Hi, I am just now running across your post, but I got an old hearthstone stove off craigslist in the spring too.  I have the pdf for the manual for the hearthstone II, but I don't think it would quite work for yours.  If you think it will, I can email it to you.  HOwever, if you go to the hearthstone website and send an email, the guy there will send you the pdf for your stove manual.  They also still sell parts (gaskets etc) for most of the old stoves.  Good luck!  I'm not going to be able to use mine, I think I need an insert instead, so I'll probably be selling it, but it's a shame, I like the look and feel of the soapstone stoves.  Good luck!


----------



## frwinks (Nov 17, 2008)

nice score on a nice stove...  :coolsmile: from the pic it looks like our HII though?  Is there an ID tag on the back? I thought HI had split front doors??  
in any case:
the HI was rated for 100kbtu/hr and up to 18hrs of heat time.  86% combustion efficiency, and 4.5cuft. firebox
the HII was rated for 44Kbtu/hr and up to 10hrs of heat time on wood and 12hr on coal. 86% combustion efficiency, and 2cuft.of wood/30lbs coal firebox.

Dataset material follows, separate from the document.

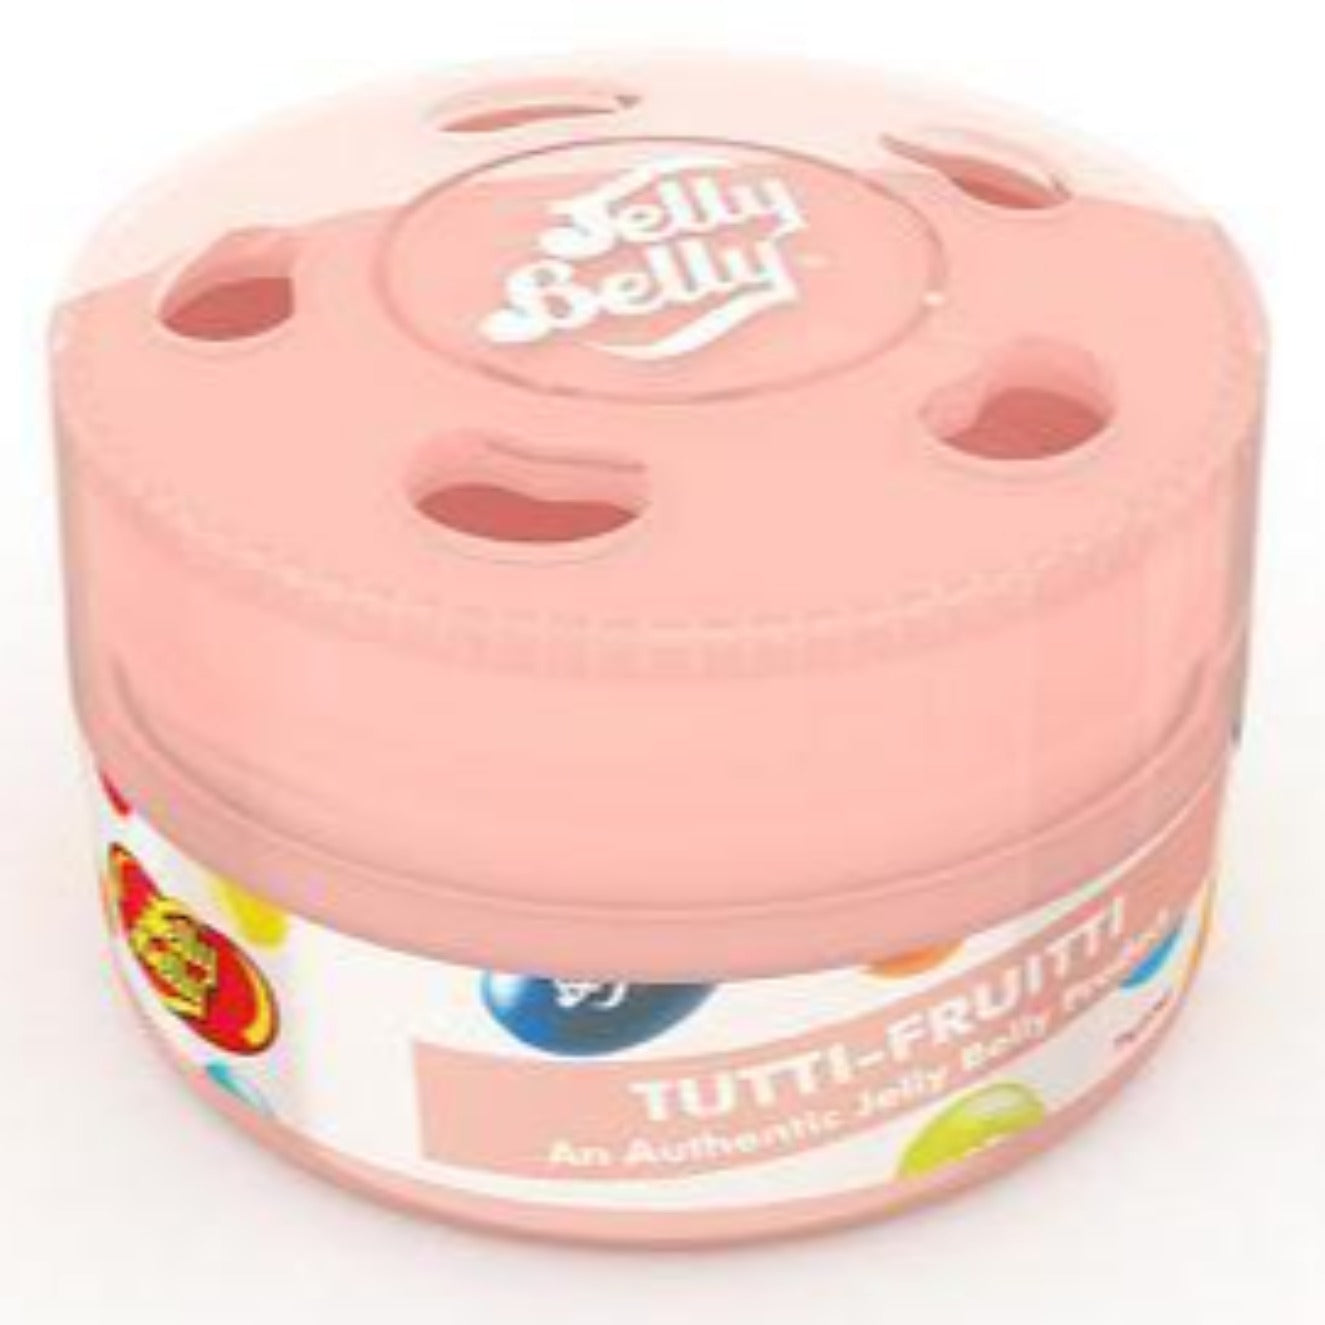 Jelly Belly-Gel Can Air Freshener Tutti Frutti (Made in USA) Alliance Auto Products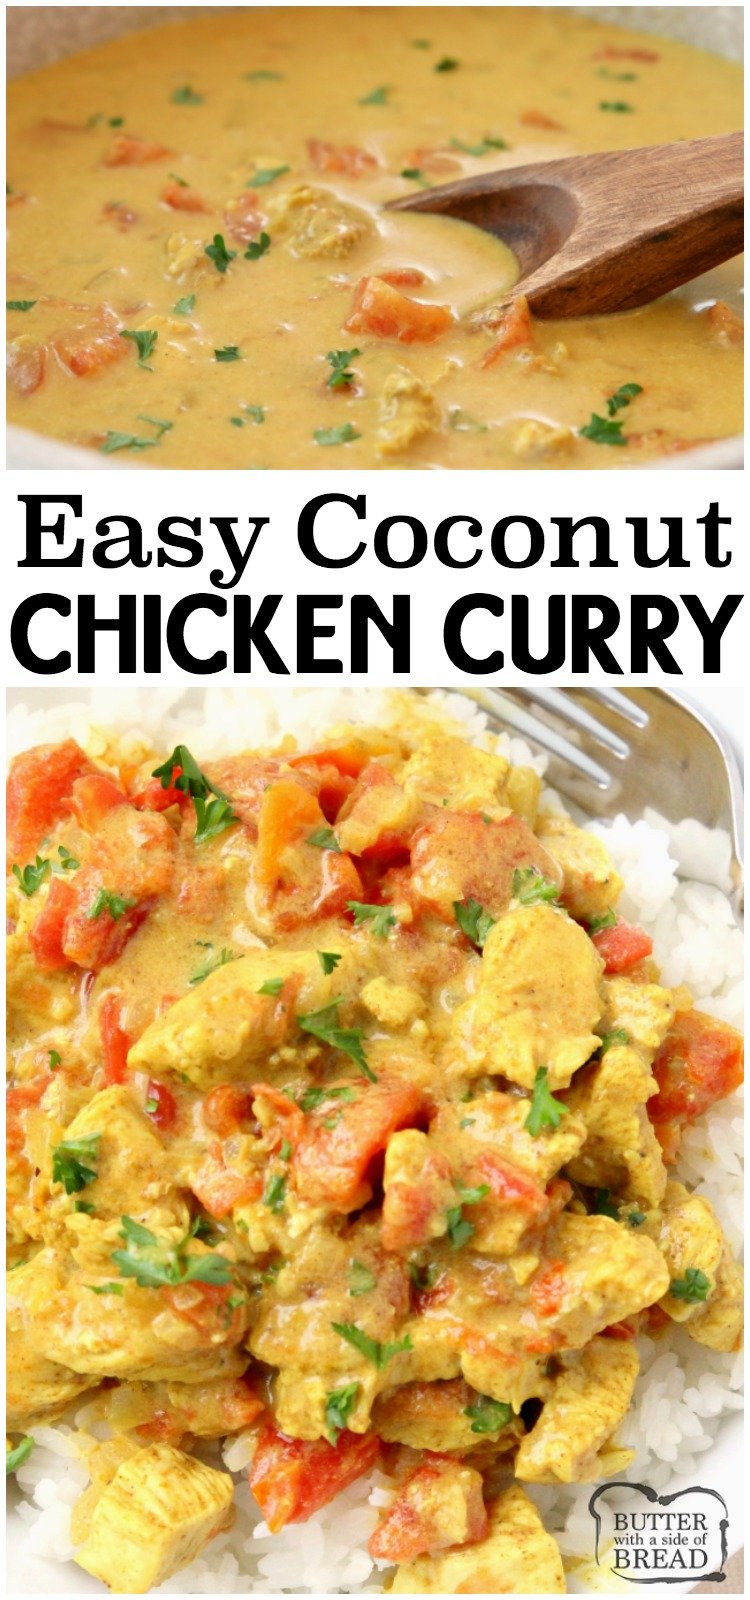 Coconut Chicken Curry recipe perfect for a busy weeknight meal! Simple, flavorful and healthy 20-minute chicken dinner for anyone who loves a mild chicken curry. Our Coconut Curry Chicken recipe uses diced chicken, tomatoes, coconut milk and just enough curry to add flavor, but not make it too spicy. It's the perfect chicken curry recipe for families!

PM me your email addy, I'll send you the manual  ;-)


----------



## Beanscoot (Nov 19, 2008)

Yep it's a Hearthstone II.  I installed a used one in my house this fall and I'm very pleased with it.  I did have to replace all of the iron and steel innards though.  Luckily I was able to make some steel parts at work.

I had heard that the Hearthstone I was a big stove, but didn't realize how much of a monster it was.  More than twice the heat output and firebox size of the Hearthstone II!


----------